03 February 2009

Putting Their Heart into Marketing

On the morning of this 14th of February, at least 40 New England bookstores and 160 New England children's authors are teaming up to create a huge book-signing called "Kids {Heart} Authors."

This event was the brainchild of my writing-group colleague and friend Mitali Perkins (The Secret Keeper), with the input and cooperation of many other authors, illustrators, booksellers, and publishing pros. Gail Gauthier (A Girl, a Boy, and Three Robbers) wrote about her efforts here.

Among the many other folks participating are Laya Steinberg (All Around Me I See), Sarah Brannen (Uncle Bobby's Wedding), ACE Bauer (No Castles Here), Kay Kudlinski (Boy, Were We Wrong about the Solar System!) Pegi Dietz Shea (Patience Wright), Mark Tyler Nobleman (Boys of Steel), Susannah Reich (Painting the Wild Frontier), Nancy Werlin (Impossible), Susan Goodman (All in Just One Cookie), Melissa Stewart (A Place for Butterflies), Val Giogas (In My Backyard), Mary Brigid Barrett (Our White House), Nicole Tadgell (No Mush Today), Ed and Barbara Emberley (Drummer Hoff), Denise Ortakales (The Legend of the Old Man of the Mountain), and Linda Crotta Brennan (The Black Regiment of the American Revolution).

So far the joint marketing effort has attracted attention from Publishers Weekly, the American Booksellers Association, the Boston Globe book section, and of course Oz and Ends.

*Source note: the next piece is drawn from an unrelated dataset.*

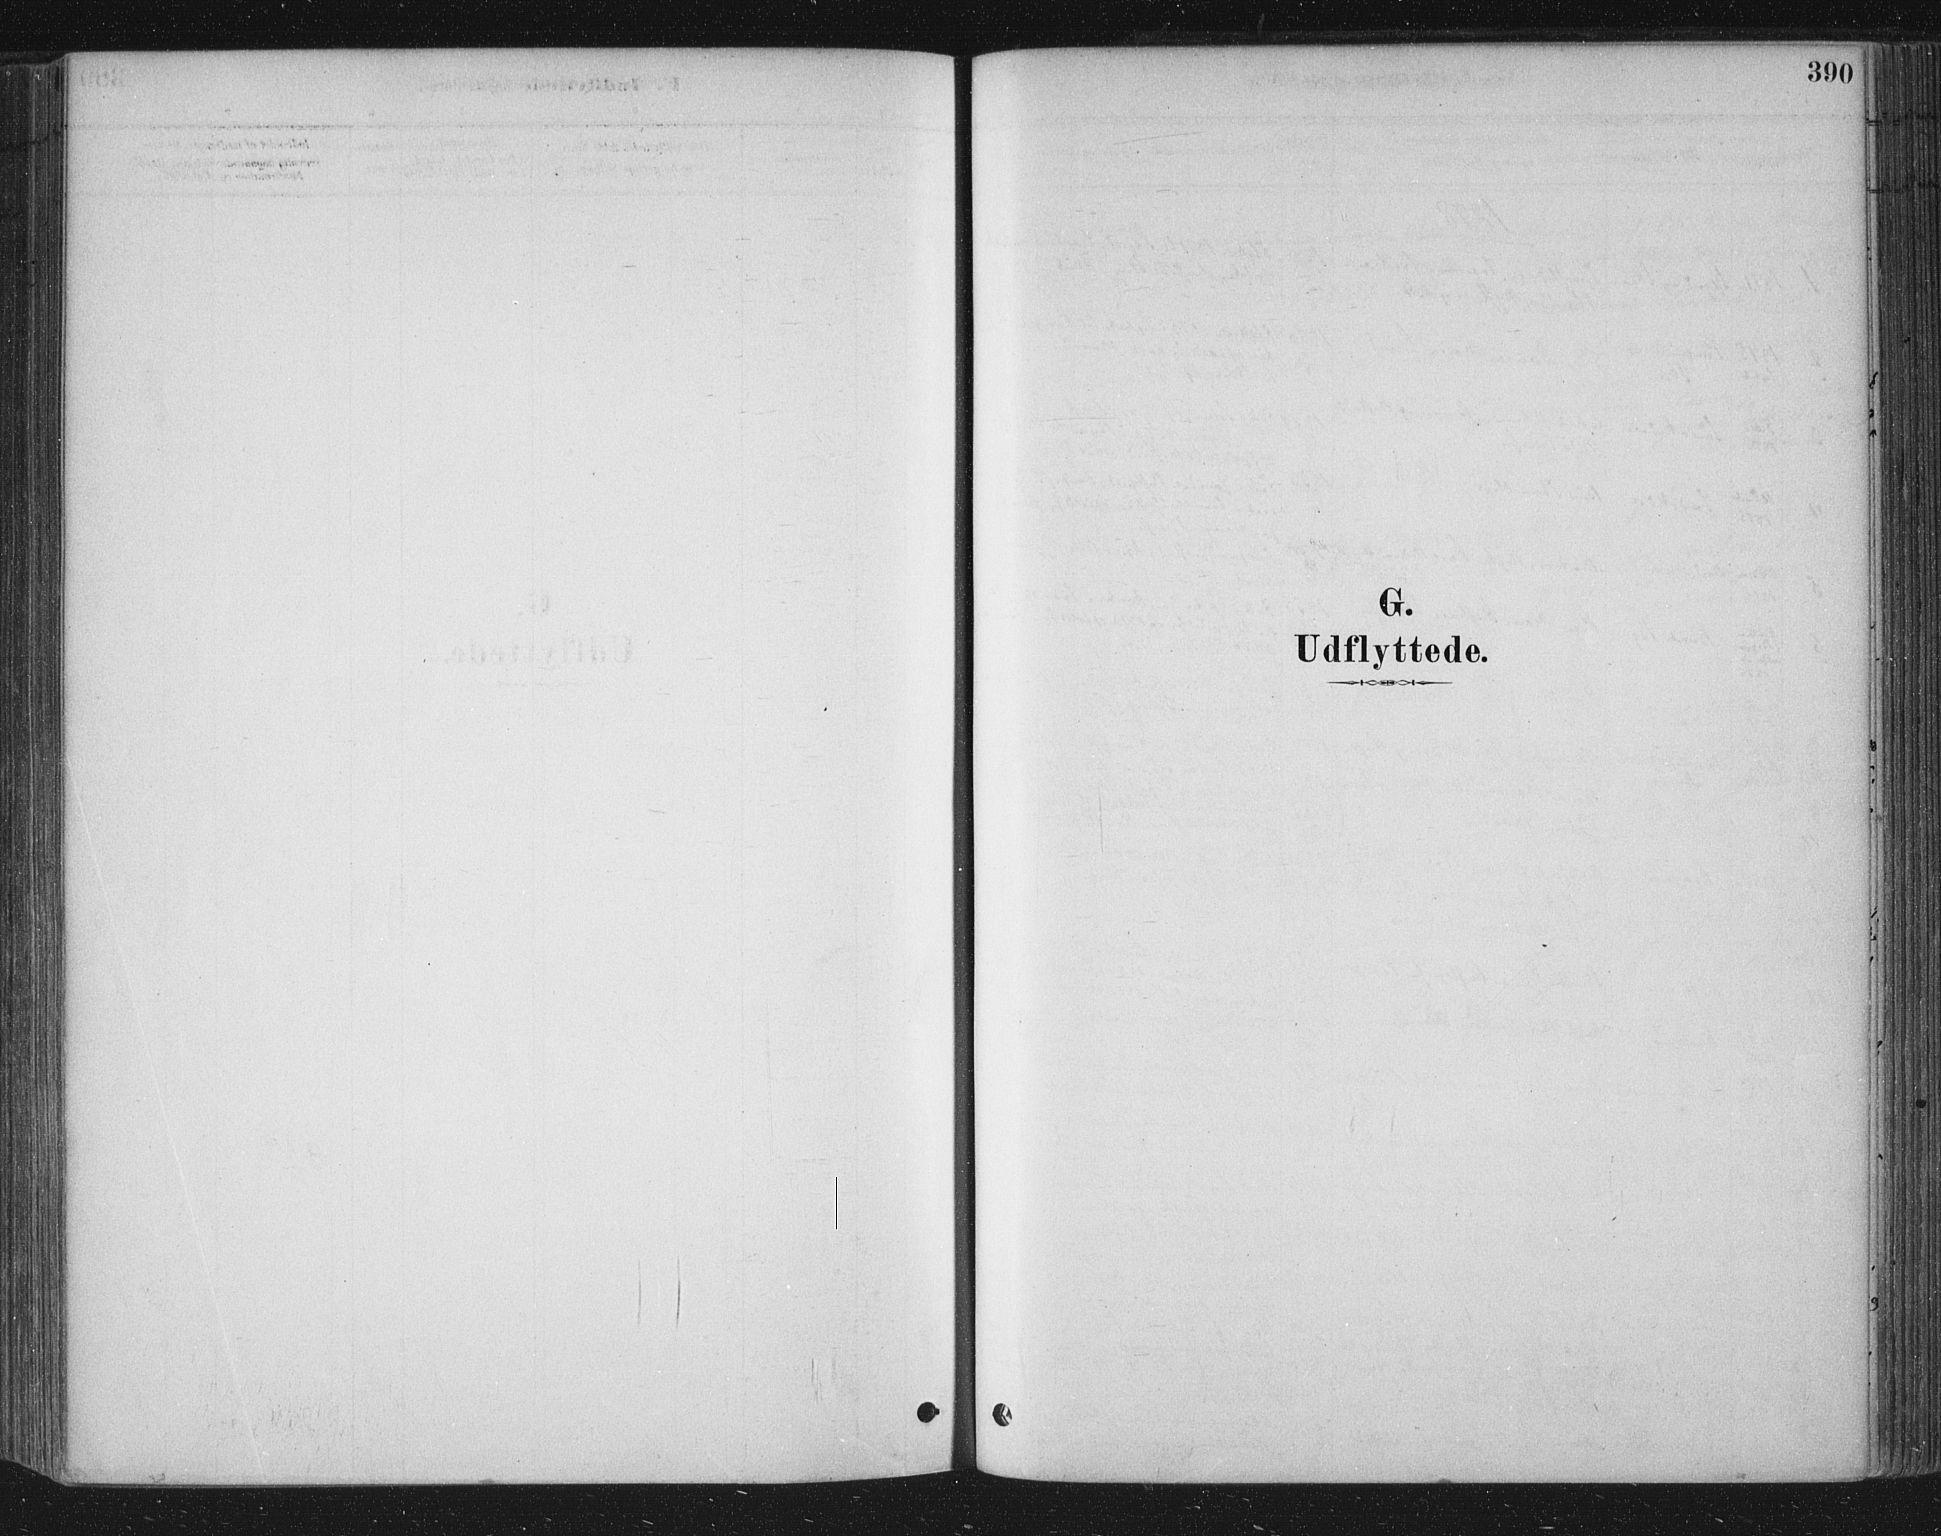 SAKO, Bamble kirkebøker, F/Fa/L0007: Ministerialbok nr. I 7, 1878-1888, s. 390

It's a curious sort of press attention, prompted by the novelty of the marketing effort itself, before it's had time to work. I saw the same thing happen when another of my writing-group friends, Greg R. Fishbone (The Penguins of Doom), launched the Class of 2K7 with a bunch of other debut novelists, including Karen L. Day (No Cream Puffs).

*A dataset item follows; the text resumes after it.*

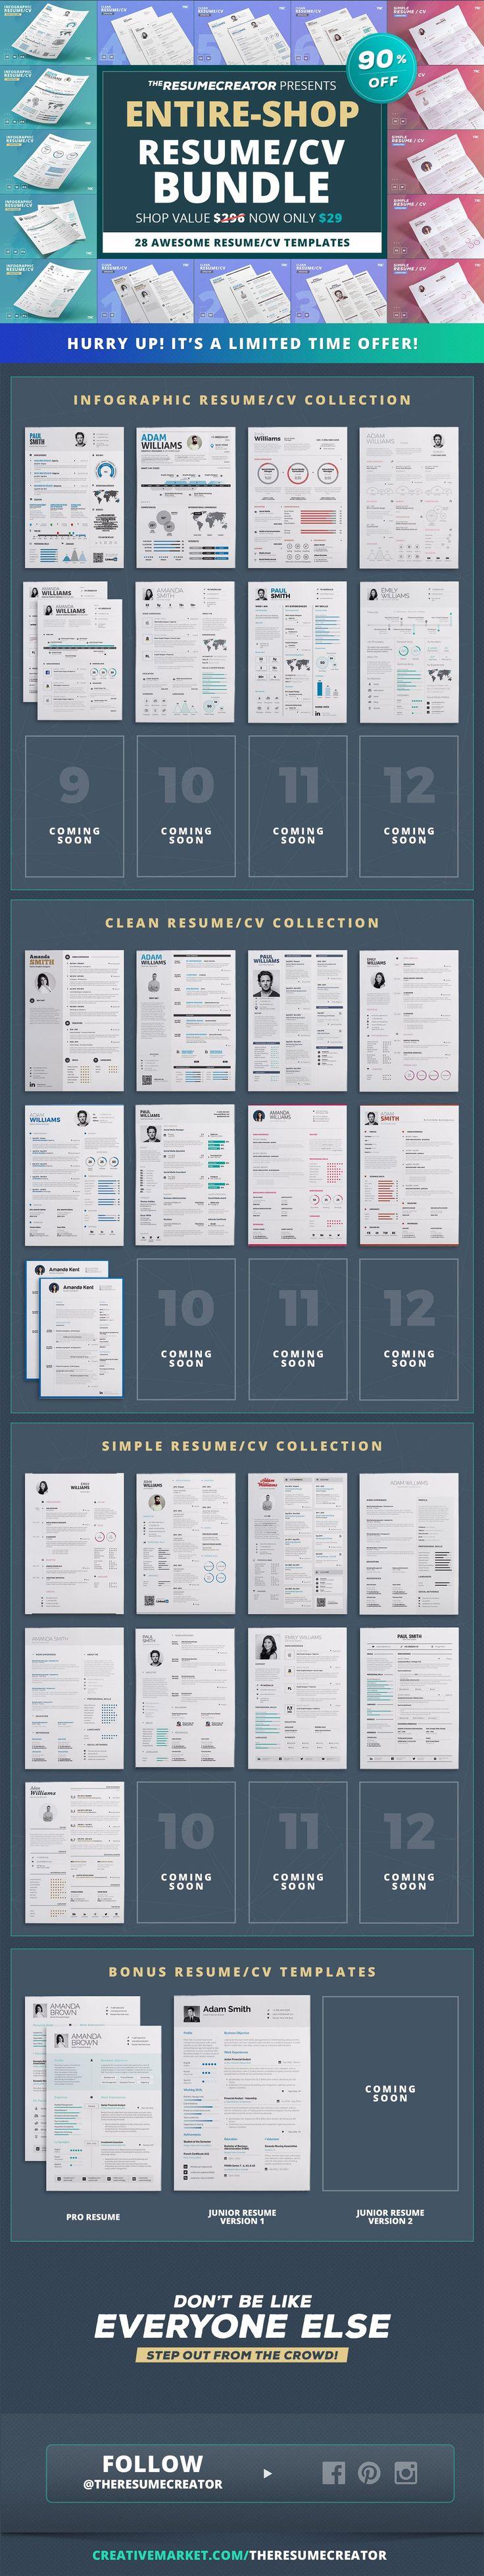 cool ResumeCv templates Bundle 25 best Resume

Other examples include Mark Peter Hughes's cross-country drive with his family to promote Lemonade Mouth, and Brian Lies's customized bat-mobile for Bats at the Beach. (See, I know all these people, so I remember their marketing, and I'm going to grab this opportunity to bring up their names again.)

Unfortunately, the book industry is a lot better at celebrating authors' own marketing initiatives that measuring how well they worked. There just isn't enough money or time in book-publishing to do what other industries would consider rudimentary market research. A company eventually knows how many copies of a book it's sold, but very little about what made people buy it.

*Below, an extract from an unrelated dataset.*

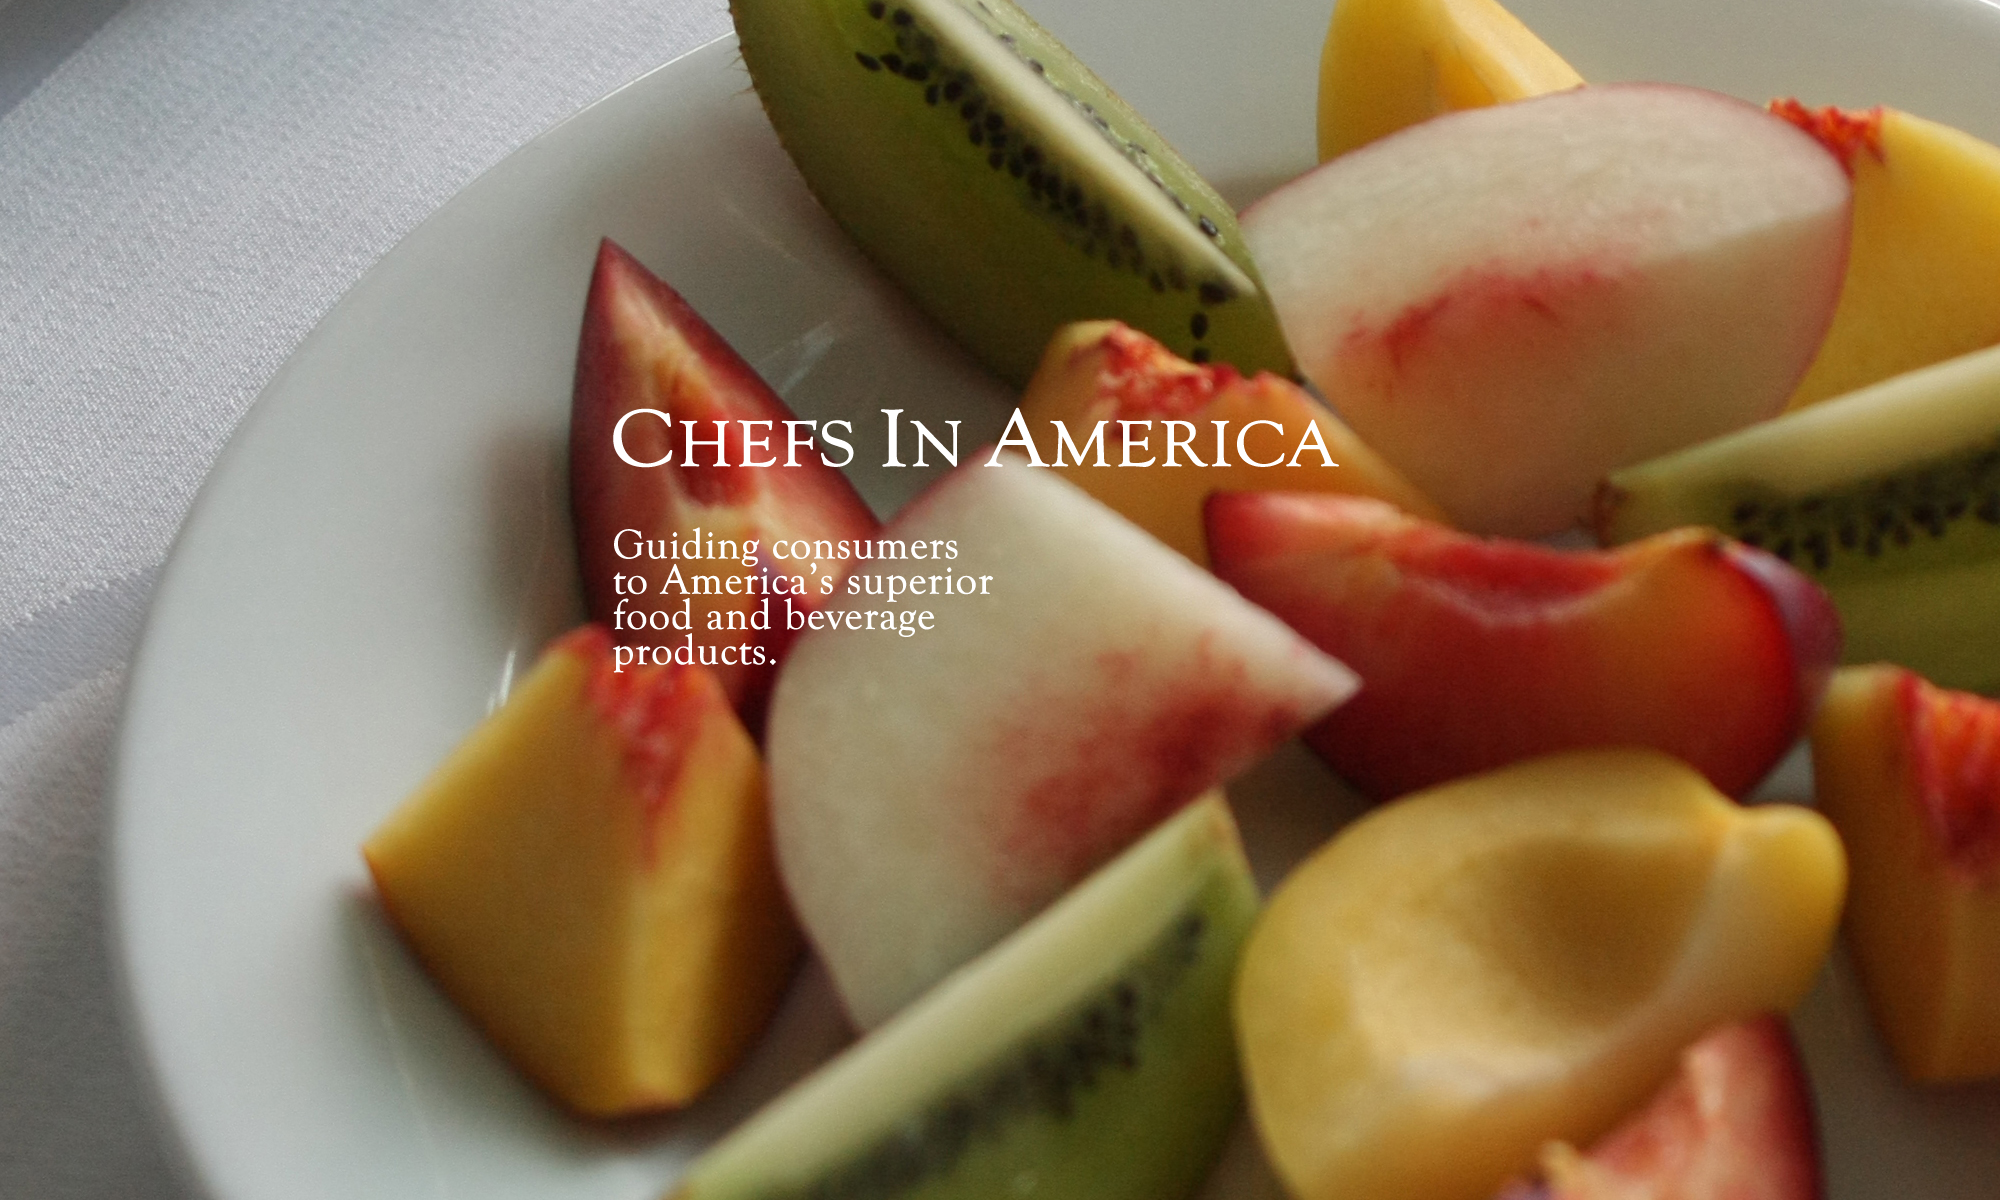 Asian celebrity chefs

And, alas, once an author has done something new to market a book, then the next author who does the same thing gets much less attention--sometimes none. Even if it really worked the first time. All that wonderful industry attention for the novelty fades away.

4 comments:

Ryan MCFC said...

Thanks for mentioning this! My wife and myself will be participating at the Toadstool Bookshop in Milford, NH. We'll be discussing our book, Sword of the Ramurai, and the history of Moo-Cow Fan Club. Plus playing some games and encouraging everyone to read from our book in funny voices. PLUS we'll have an actual sword maker with an actual Katana (samurai sword) on hand to explain his craft! Come on out. Kids (heart) comics signings from 10-12 our talk from 1-2.

Carol Maltby said...

Curious thing about the titles mentioned in this posting -- almost all of them start with one of the shortest words of the phrase, and end with one of the longest.

Is this a Book Titling 101 practice, is it limited to children's books, or is it just noise being mistaken for signal?

J. L. Bell said...

I count eight titles that fit the pattern of starting with the shortest or tied-for-shortest word and ending with the longest or tied-for-longest.

Which leaves fourteen titles that don't.

Greg R. Fishbone said...

The industry rewards novelty, though I'd love to see Kids Heart Authors become an annual event. So cool.